• Your goal: Copy the lines below, please, starting with the one that contains "Organic Brown Basmati Rice" and ending with the last. Pictures stay out.

• Provided data:
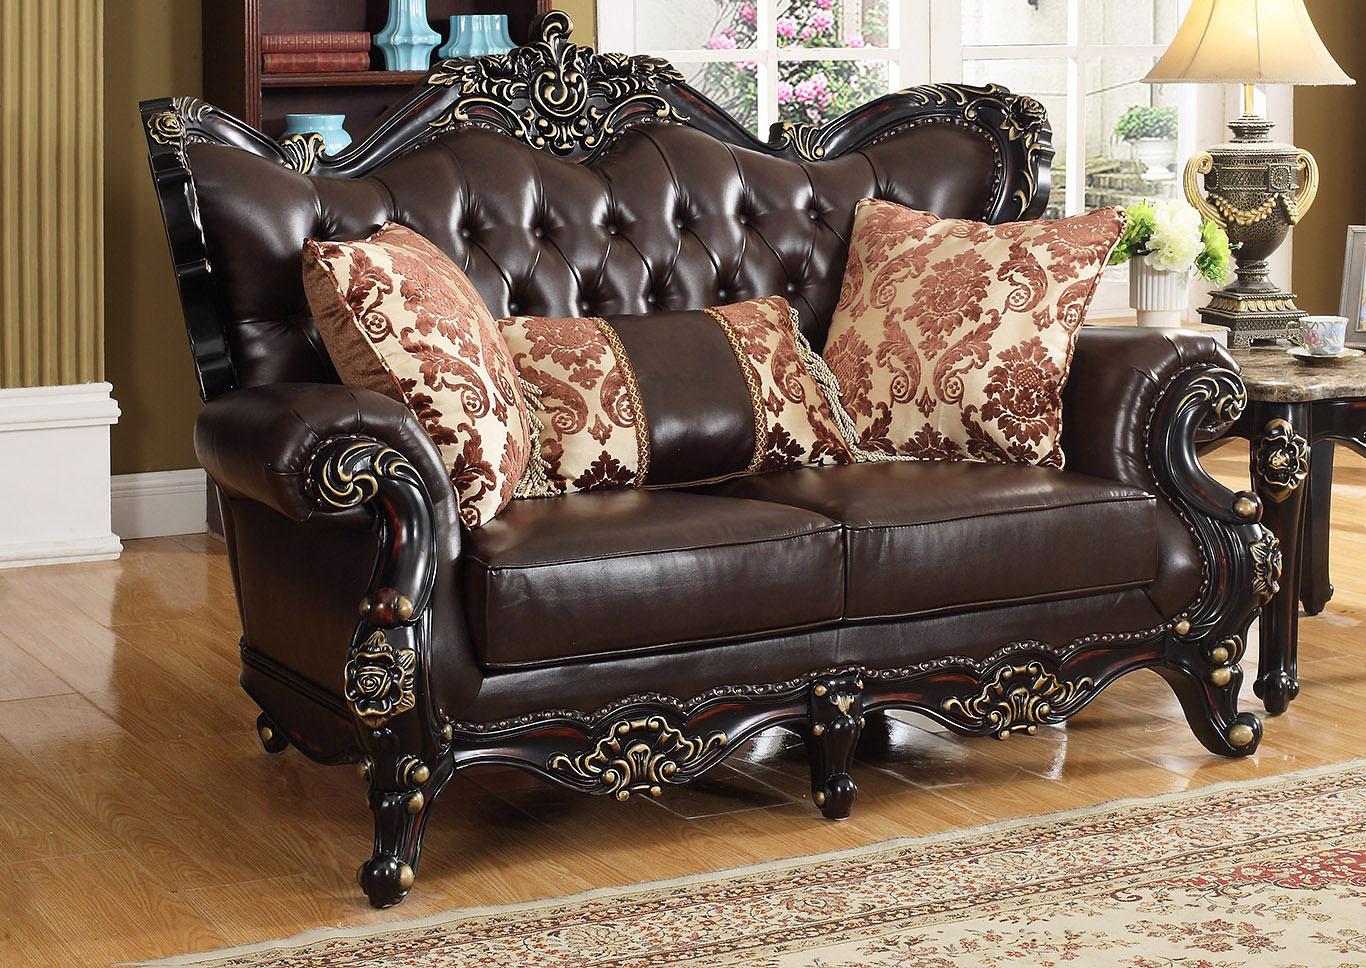 Town of Bargains Furniture Dark Brown Leather Loveseat w ...
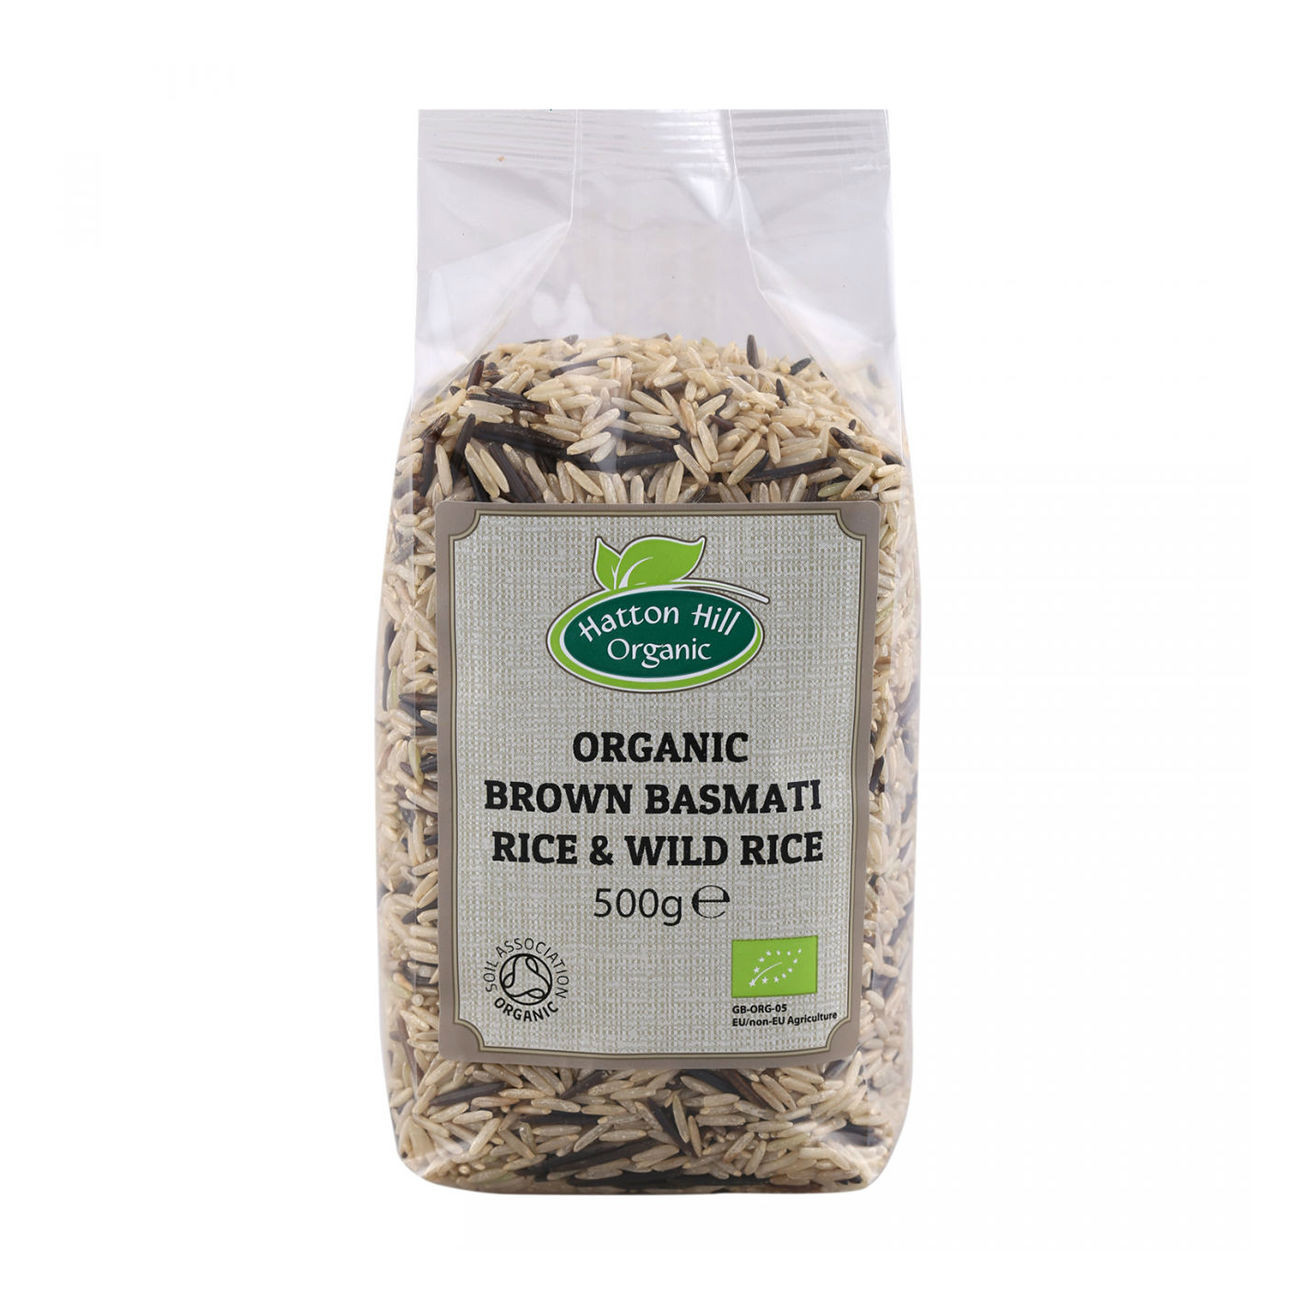 Organic Brown Basmati Rice  Organic Brown Basmati & Wild Rice 500g
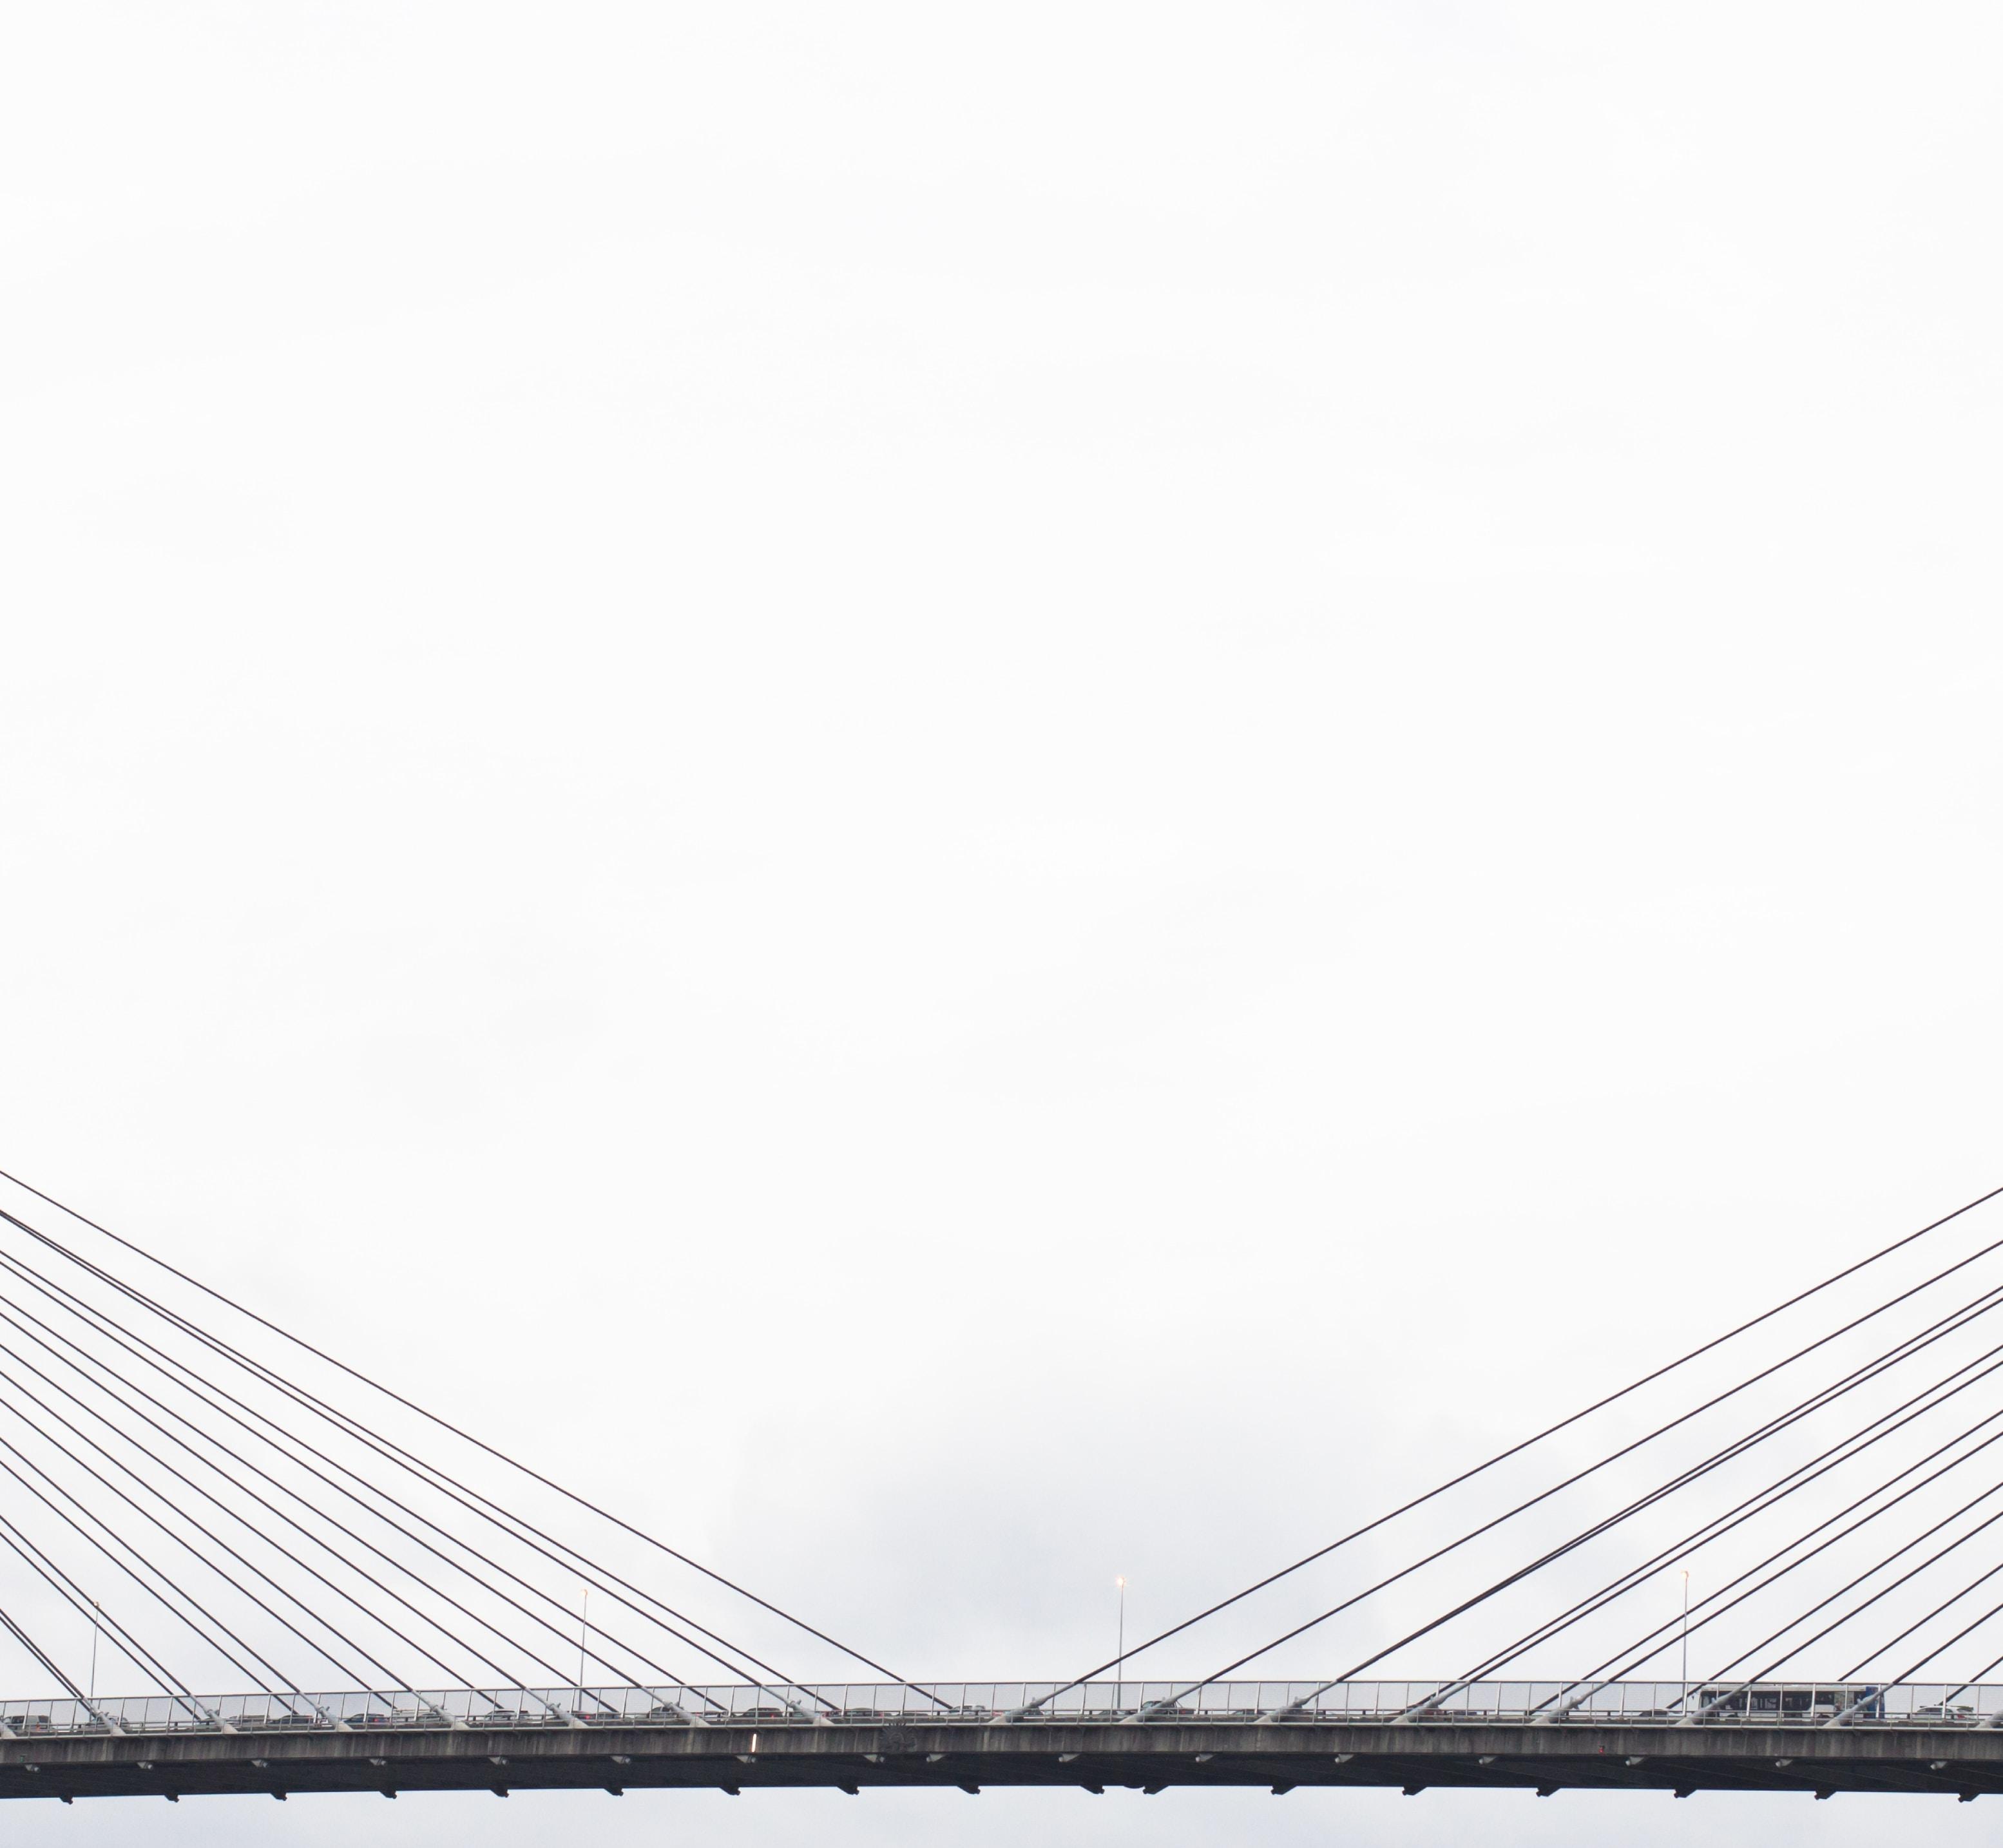 vehicles on grey suspension bridge under cloudy sky during daytime

• Your response:
 Organic Brown Basmati Rice  Organic Brown Basmati & Wild Rice 500g
 vehicles on grey suspension bridge under cloudy sky during daytime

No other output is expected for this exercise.